Indeed, Kubernetes’ volume storage driver options can facilitate the use of a great many different mechanisms for persistent storage, Ash Wilson, strategic engineering specialist, for CloudPassage, said, adding some volume drivers are IaaS (Infrastructure as a service) platform-specific, while some are agnostic to the underlying cloud infrastructure.
However, caveats exist. “These volume storage driver options are great, but the time to properly evaluate and determine which best fulfill the application’s requirements may extend the time spent in the architectural process,” Wilson said. “The tasks associated with securing persistent storage in Kubernetes are oftentimes volume driver-specific, so security concerns and requirements must be taken into consideration during the architectural process.”
Going the Bare Metal Way
Kubernetes virtualization structure also lends itself particularly well to bare metal server deployments when setting up persistent storage. This is because containers virtualize operating systems, as opposed to virtualizing the hardware underneath the operating systems, MapR’s Visvanathan said.
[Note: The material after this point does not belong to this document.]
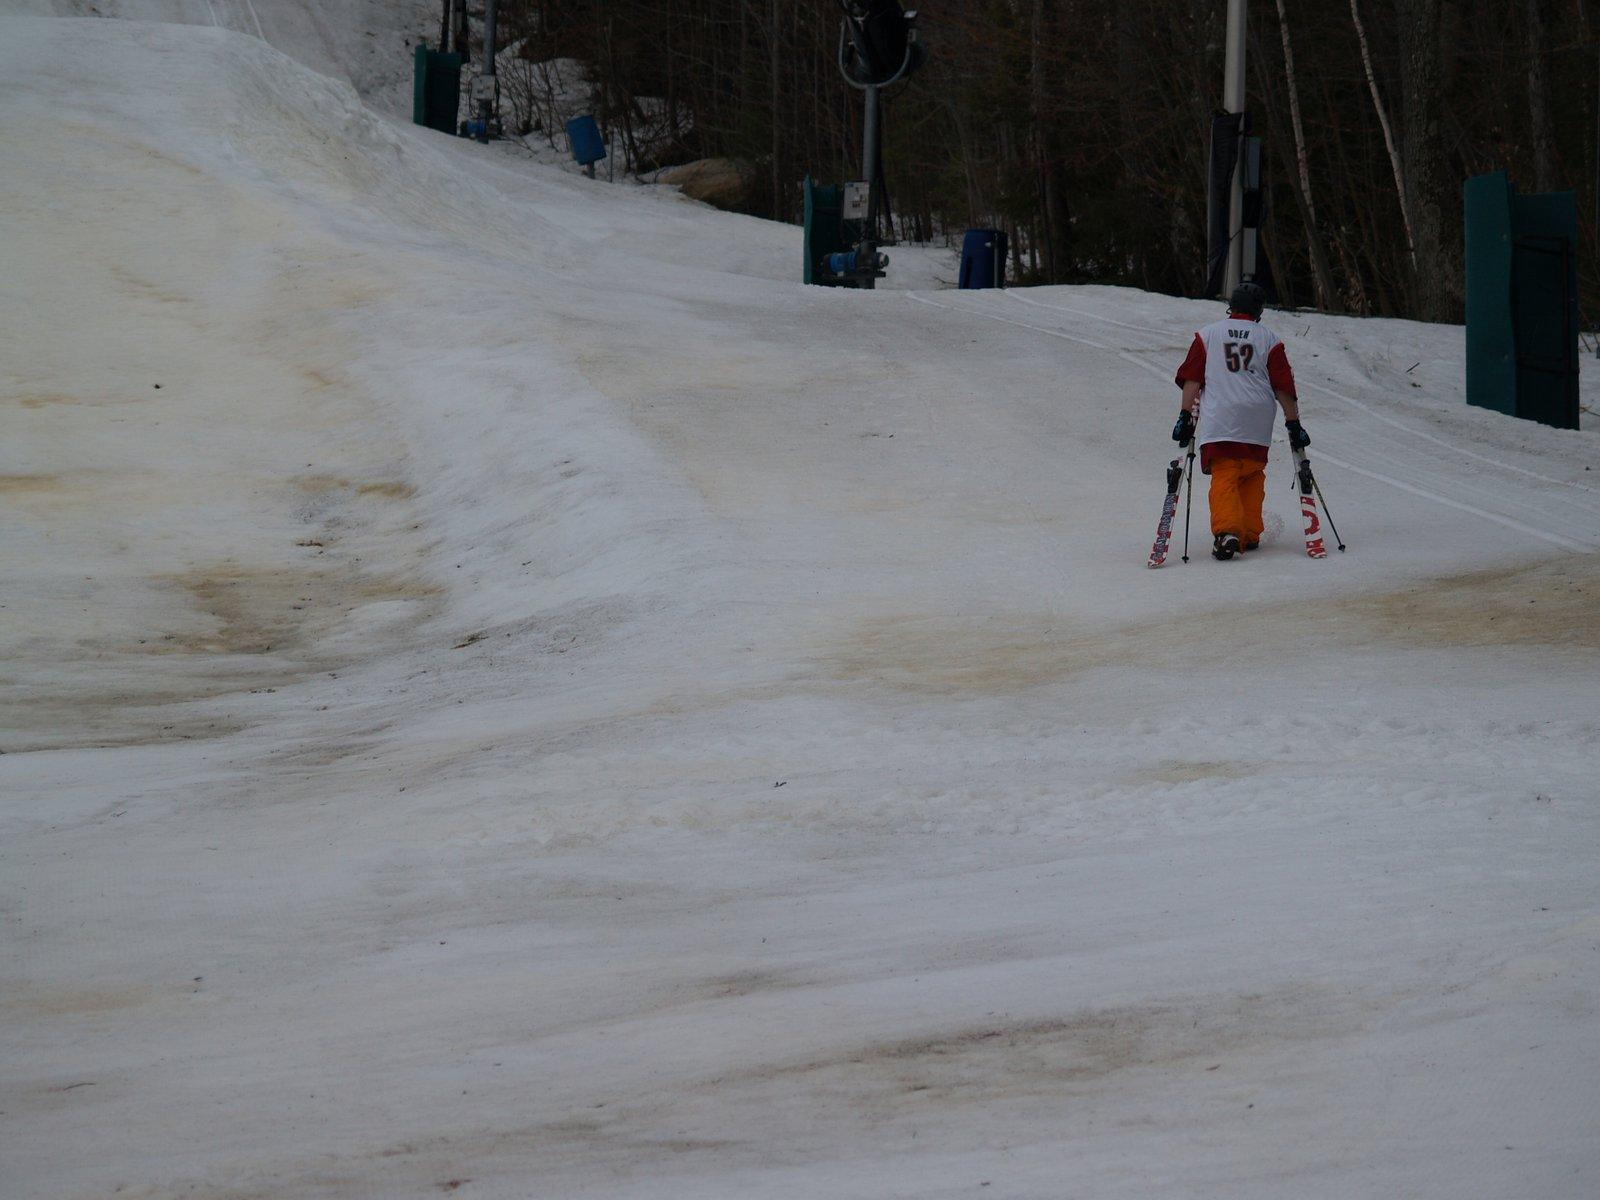 Melting snow = i hate cm

“Containers, by their very nature, are an ideal way to deploy applications on bare metal, while Kubernetes simplifies the creation and management of containers,” Visvanathan said. “It’s a natural extension of this concept that the persistent storage for Kubernetes is also best served on bare metal. Virtualized servers don’t provide any additional benefits once containers are used for elasticity, so they are simply an additional layer with no added value.”
The dynamic and stateless nature of Kubernetes workloads has long posed difficulties when determining user access privileges to applications running in Kubernetes. In fact, the main security issue with storage for Kubernetes is maintaining access control and authorization privileges to ensure that only the relevant containers and services have access to sensitive data, Rani Osnat, vice president of marketing for Aqua Security, said.
“There are several ways to achieve this, but they must be tied to a security policy that has application context and ties privileges to a specific service,” Osnat said.
The security tools on offer for securing persistent storage for Kubernetes should also continue to evolve. In other words, everything will just get better in time.
“Ephemeral, short-lived workloads can present challenges in capturing the appropriate security information, especially for audit and compliance purposes. This requires an evolution in tooling to address without slowing down the agile process,” CloudPassage’s Wilson said. “Similar problems exist for tracking, auditing, and securing storage mechanisms — tools must evolve to address security needs without slowing down the application delivery process.”